Osborne North Sea visit
Osborne can always put taxes up again, argued Conn Getty

North Sea oil fields face closure if Chancellor George Osborne does not cut taxation of oil producers, the chief executive of Centrica has said. Iain Conn, the boss of the Windsor-based utility company, urged the chancellor to offer relief to troubled oil companies following the loss of 65,000 jobs in the UK because of the oil price collapse.

The Times revealed on 1 February that the oil veteran has written a letter to Osborne in an effort to get help for the oil industry. "I have only seen a fall in oil prices like this once before," Conn told the newspaper. "The North Sea is really hurting.
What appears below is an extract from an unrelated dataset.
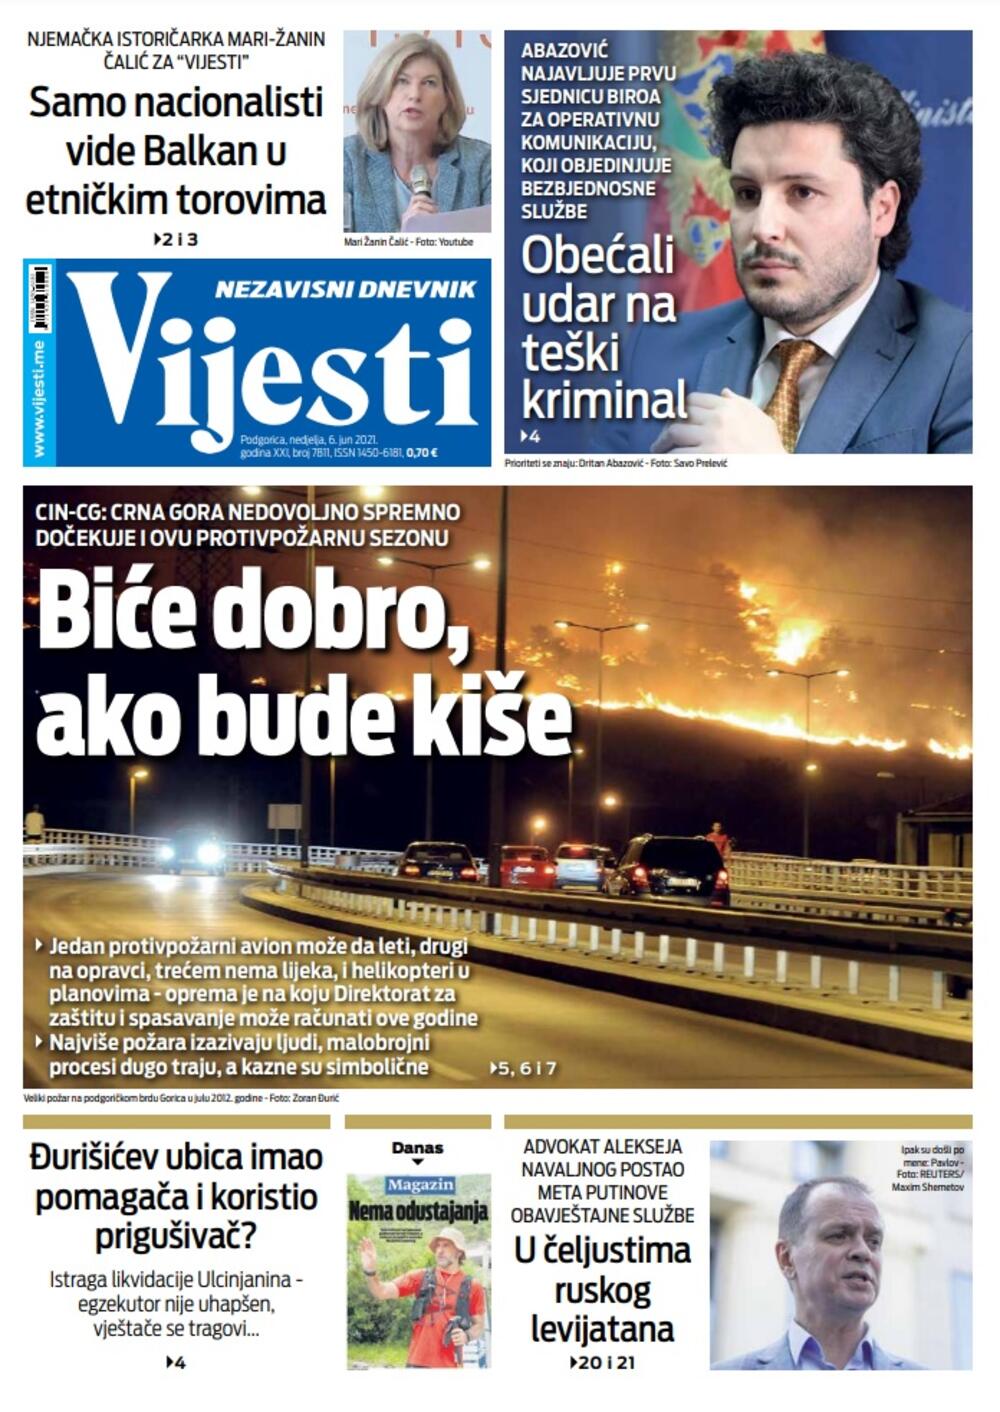 Naslovna strana Vijesti za nedjelju 6. jun 2021. godine, Foto: Vijesti

The government needs to be agile here. It needs to encourage companies to keep their fields going and keep their people."

The majority of the 65,000 jobs cut in the UK oil industry in 2015 fell in the North Sea operations. In October 2015, the chief executives of independent oil companies EnQuest and Premier Oil both predicted that a further 10,000 jobs could be cut in the North Sea oil sector, the FT reported.
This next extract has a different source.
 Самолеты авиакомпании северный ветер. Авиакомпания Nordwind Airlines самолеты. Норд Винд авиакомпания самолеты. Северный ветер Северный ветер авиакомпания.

Oil benchmark Brent Crude has fallen more than a third in value since February 2014. In January 2015, oil even traded below $30 a barrel – a fall of almost 75% in just two years.

On top of that, the North Sea productions are relatively high cost, causing the companies operating there to look for alternatives to cut costs.

"The government has to be really thoughtful about taxation in the North Sea," Conn argued. "They can always put it up again — indeed, they have quite a good record of doing that. But right now there is a case to be made that corporation tax in the North Sea should just be corporation tax and that petroleum revenue tax should probably disappear for a while."

Conn, an oil veteran who has worked at BP for 29 years, also argued that the oil companies operating in the North Sea are not making a profit at the moment. "So the government wouldn't lose a lot because most people aren't making any money," he said. "This is a very unusual time for the North Sea."

Centrica, the company that owns British Gas, cut 6,000 jobs in July following two rounds of slight price cuts. The utility giant managed to hike its profits but axed positions in an effort to increase margins.